(Problem statement): Would you restate the listing word for word, with the images omitted?

(Data):

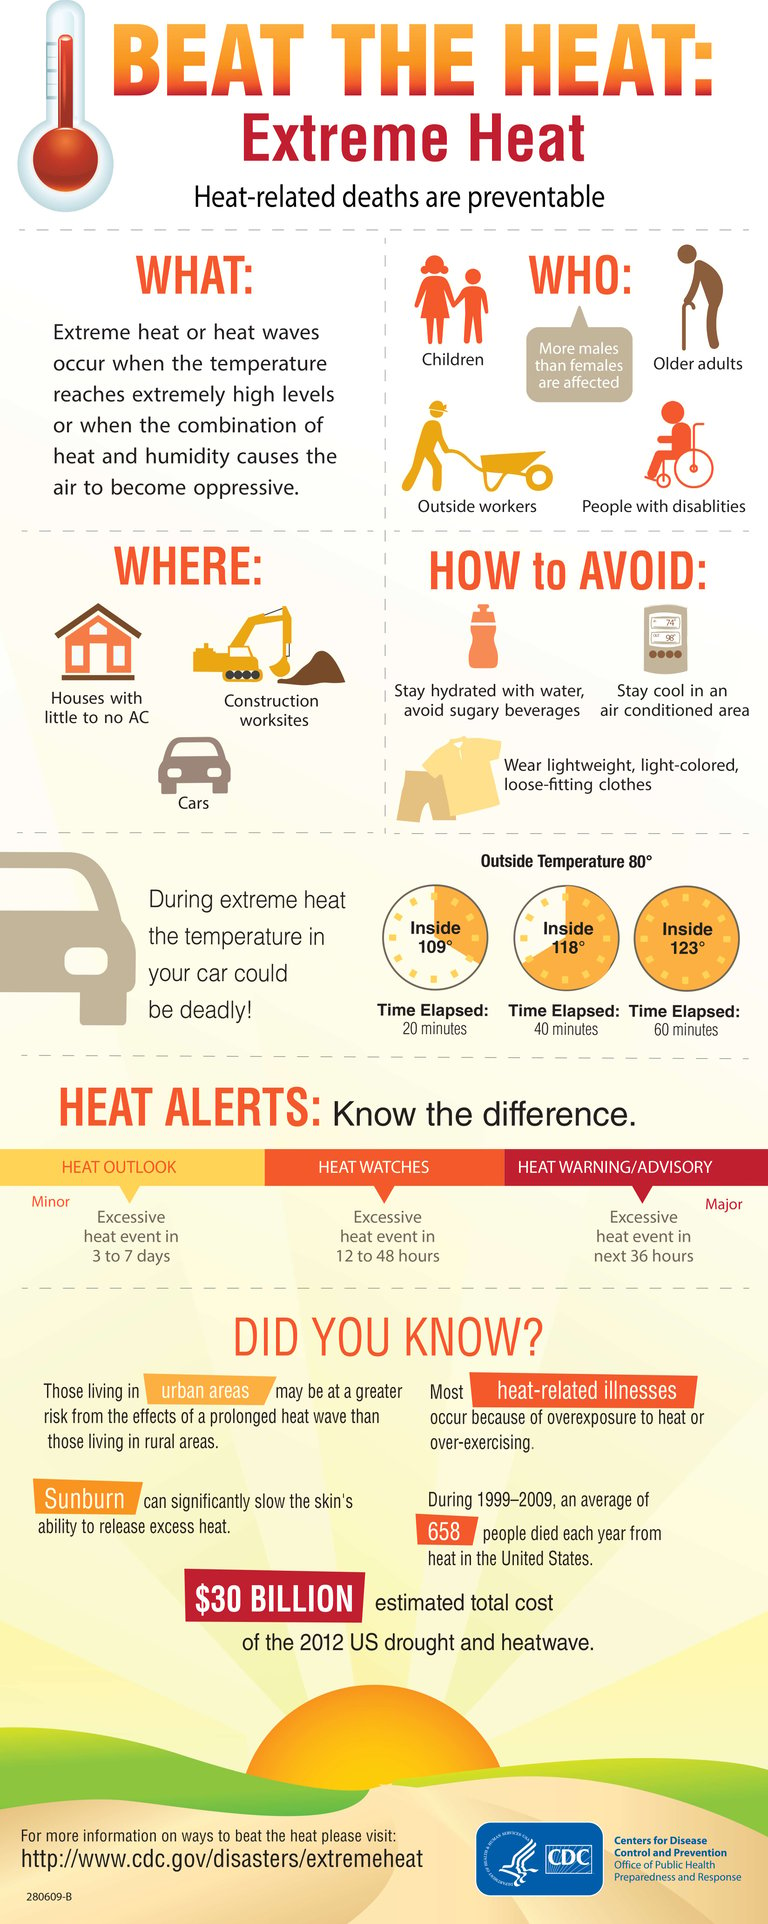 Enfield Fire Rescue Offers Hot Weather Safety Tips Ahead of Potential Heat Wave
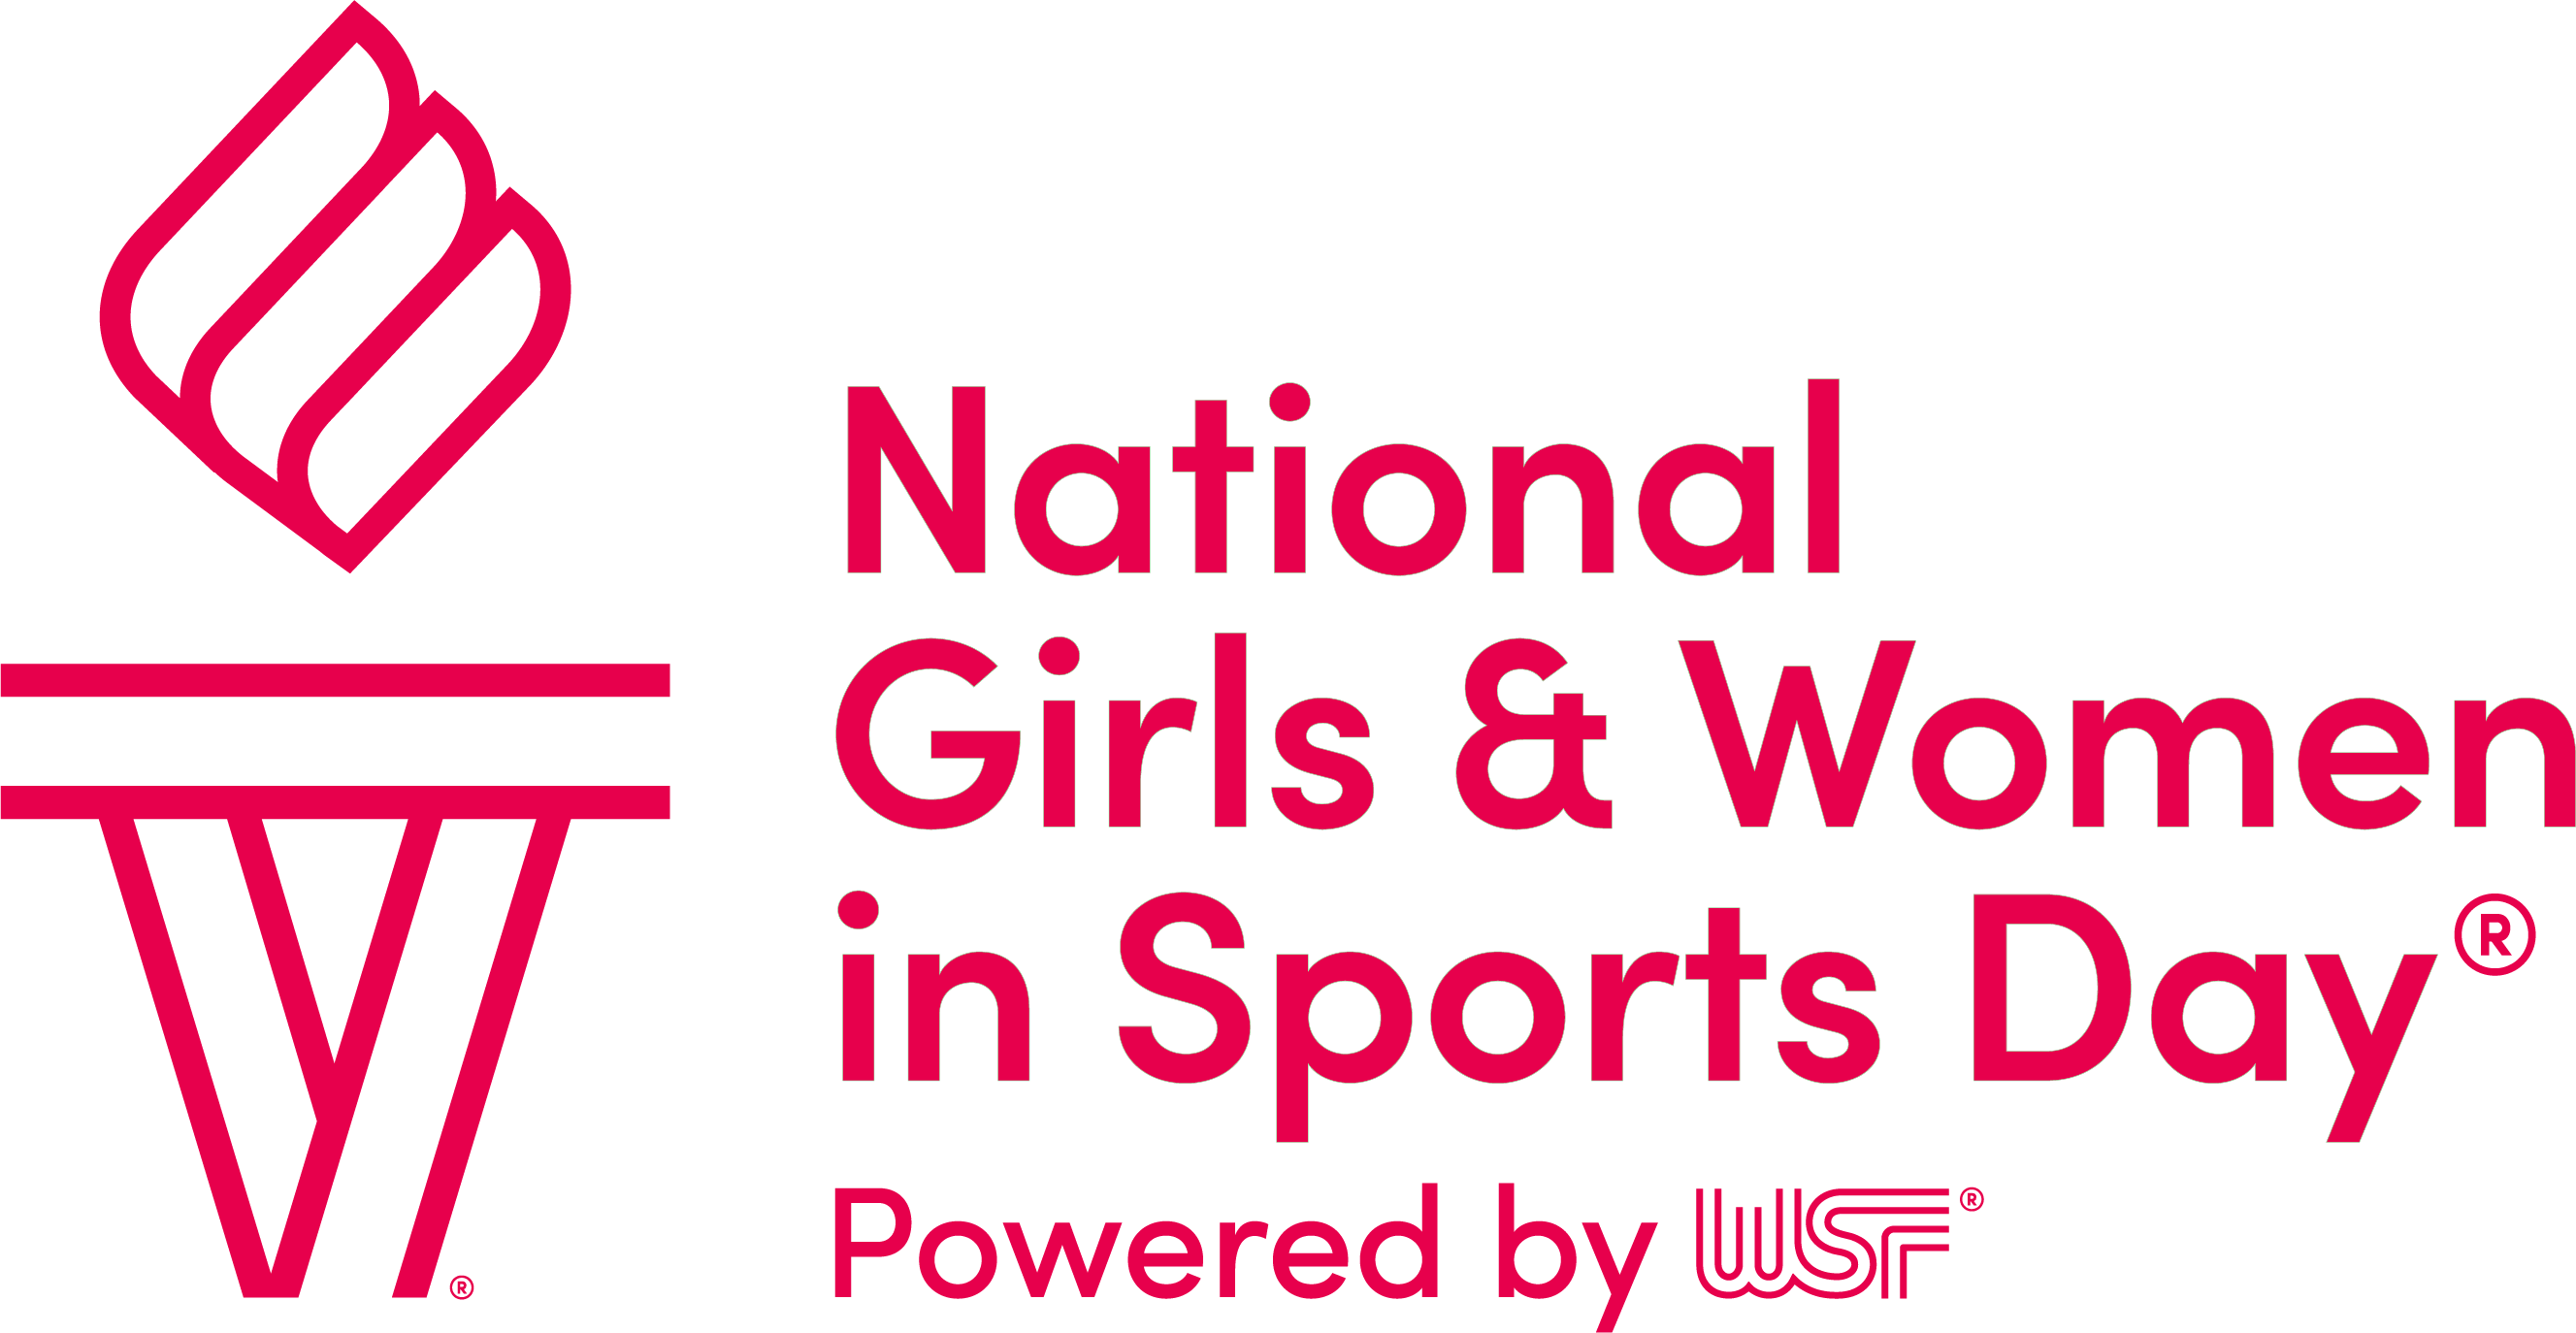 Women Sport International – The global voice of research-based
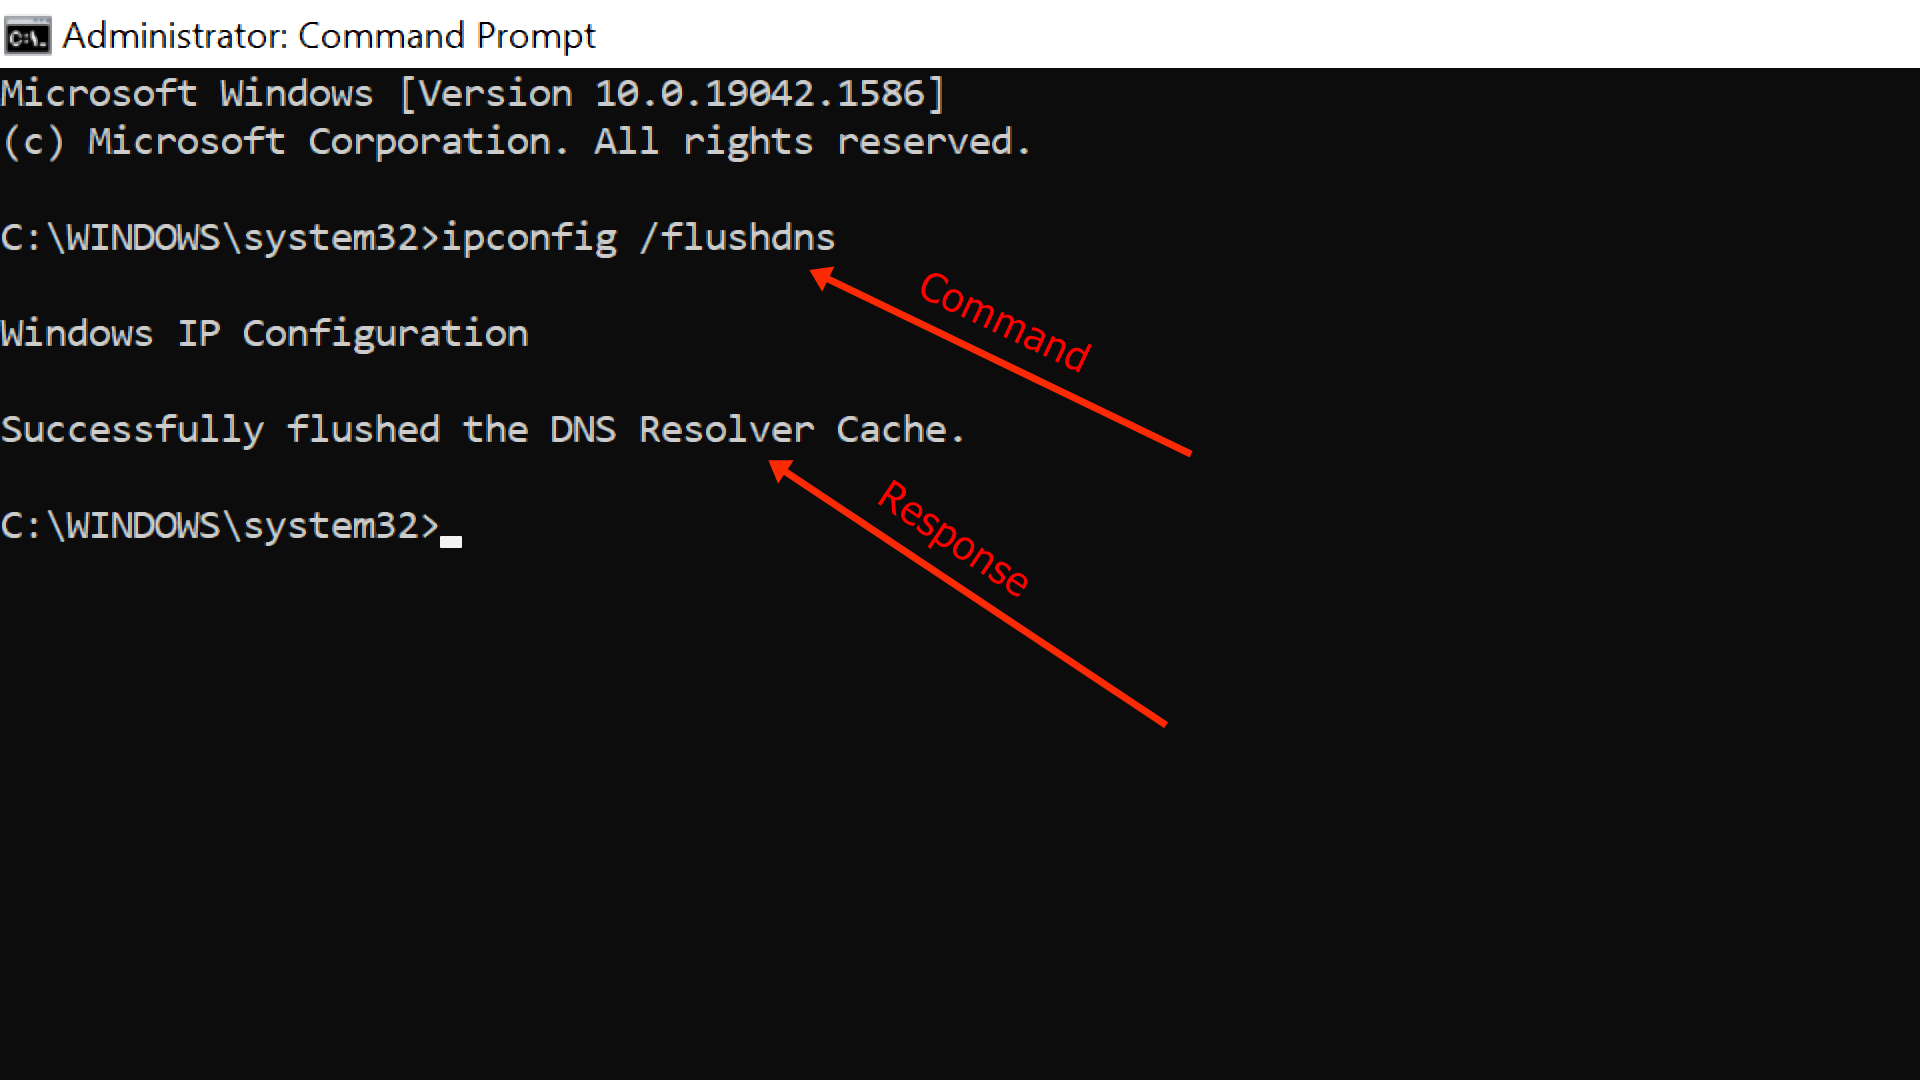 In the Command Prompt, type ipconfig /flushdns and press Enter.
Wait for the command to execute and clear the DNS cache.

(Task solution):
 Enfield Fire Rescue Offers Hot Weather Safety Tips Ahead of Potential Heat Wave
 Women Sport International – The global voice of research-based
 In the Command Prompt, type ipconfig /flushdns and press Enter.
Wait for the command to execute and clear the DNS cache.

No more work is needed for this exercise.